Information supplied —
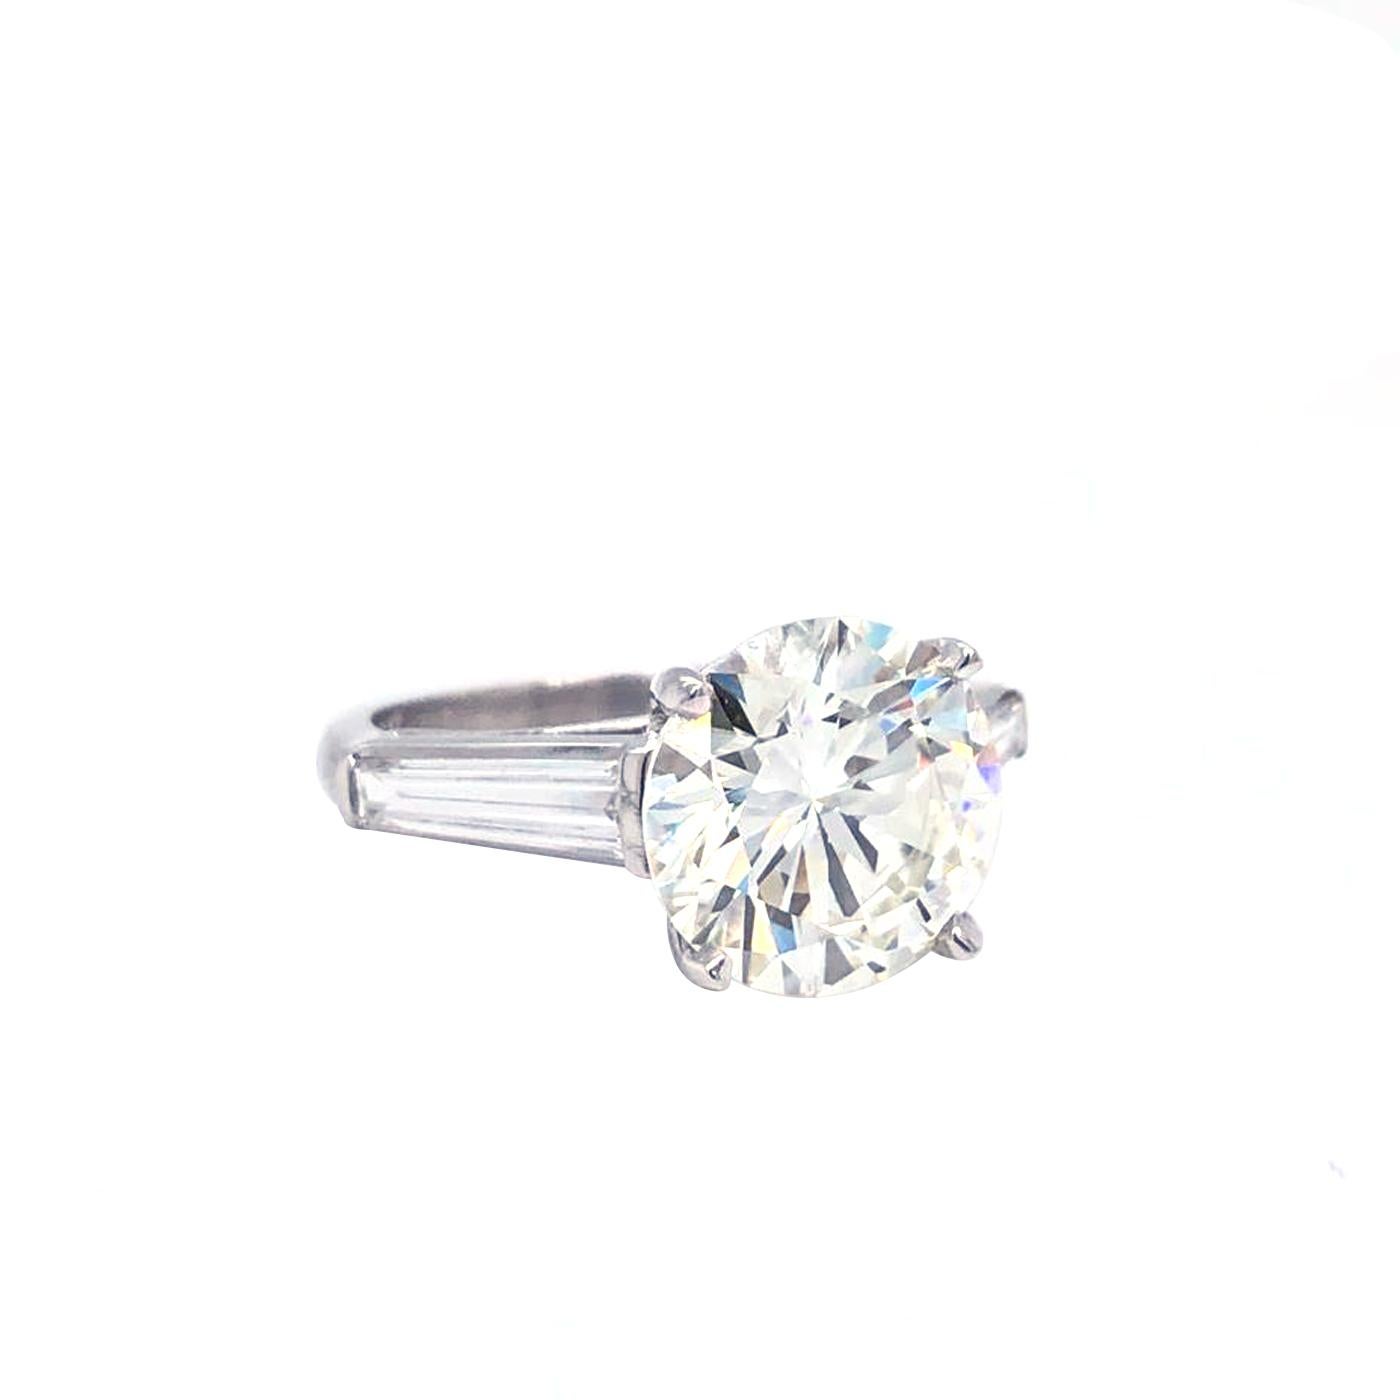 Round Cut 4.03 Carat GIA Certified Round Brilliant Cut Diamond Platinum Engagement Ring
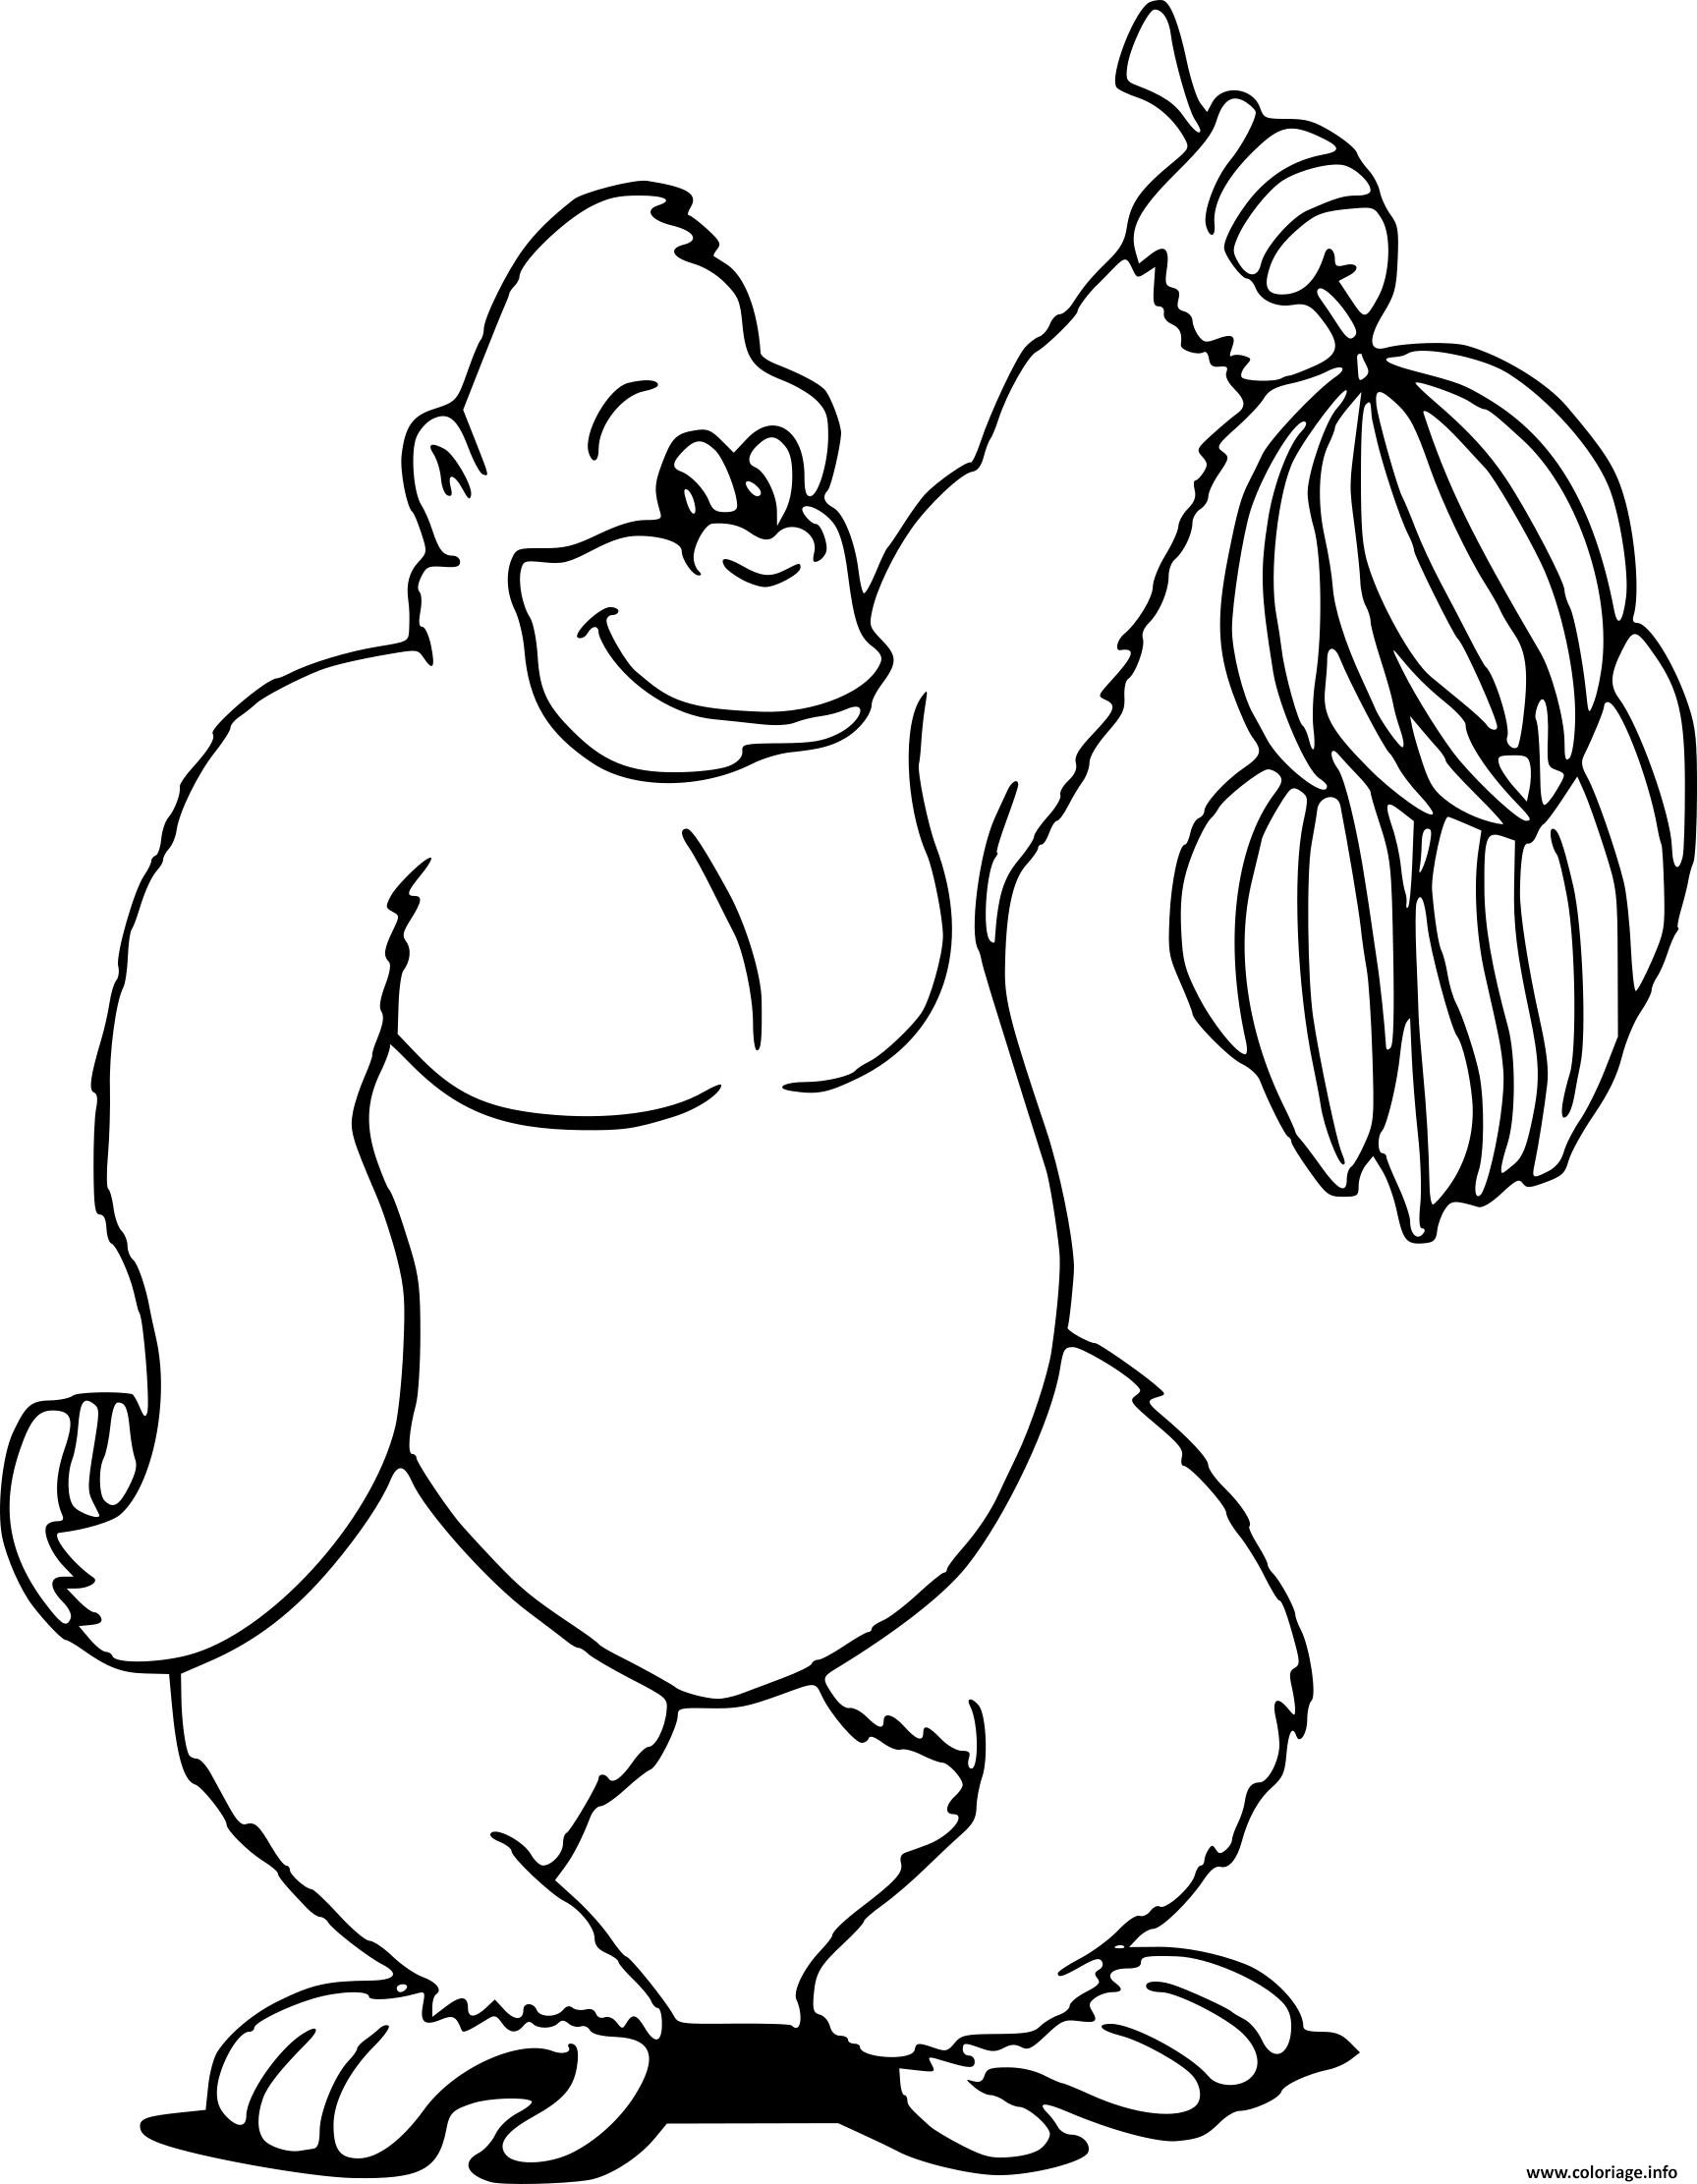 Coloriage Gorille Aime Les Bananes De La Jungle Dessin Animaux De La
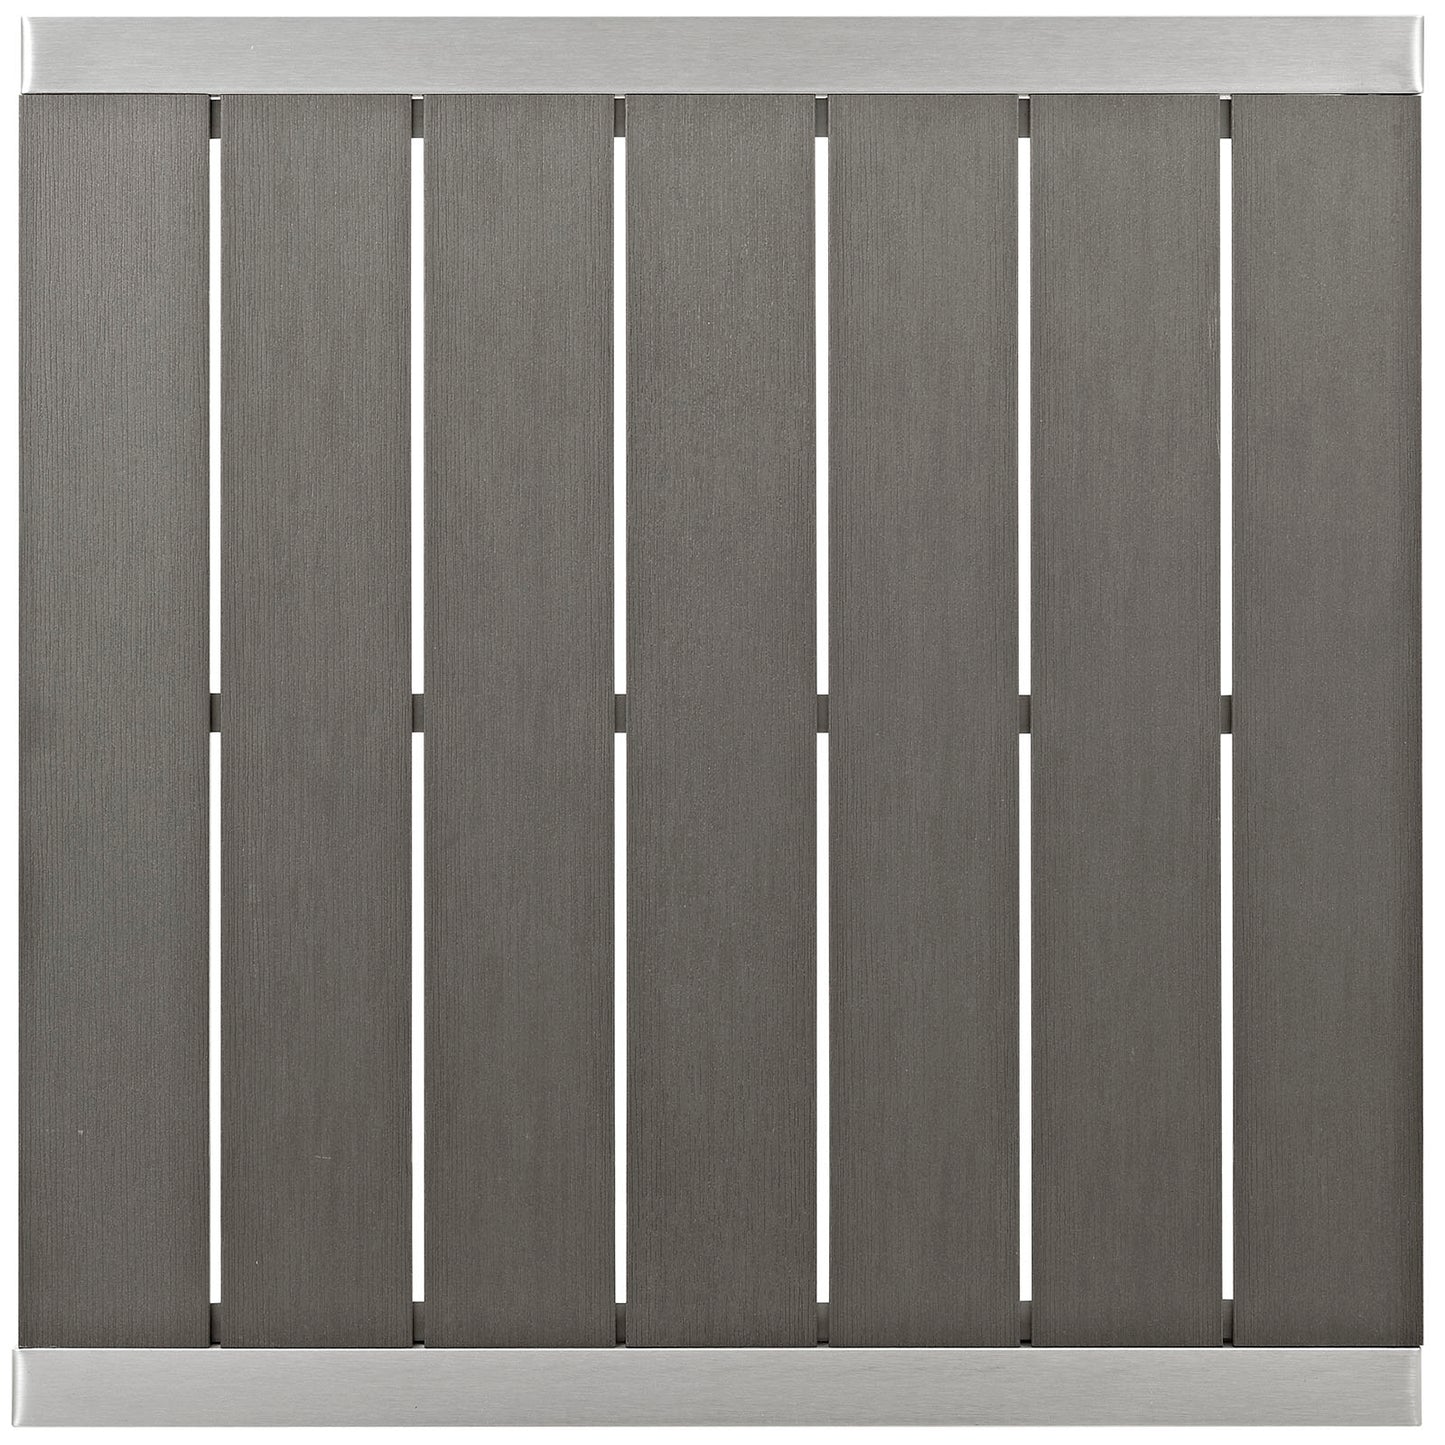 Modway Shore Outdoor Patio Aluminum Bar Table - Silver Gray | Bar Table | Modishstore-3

Exercise instructions —
Repeat the material above in full and unchanged, minus its images.

Exercise response —
 Round Cut 4.03 Carat GIA Certified Round Brilliant Cut Diamond Platinum Engagement Ring
 Coloriage Gorille Aime Les Bananes De La Jungle Dessin Animaux De La
 Modway Shore Outdoor Patio Aluminum Bar Table - Silver Gray | Bar Table | Modishstore-3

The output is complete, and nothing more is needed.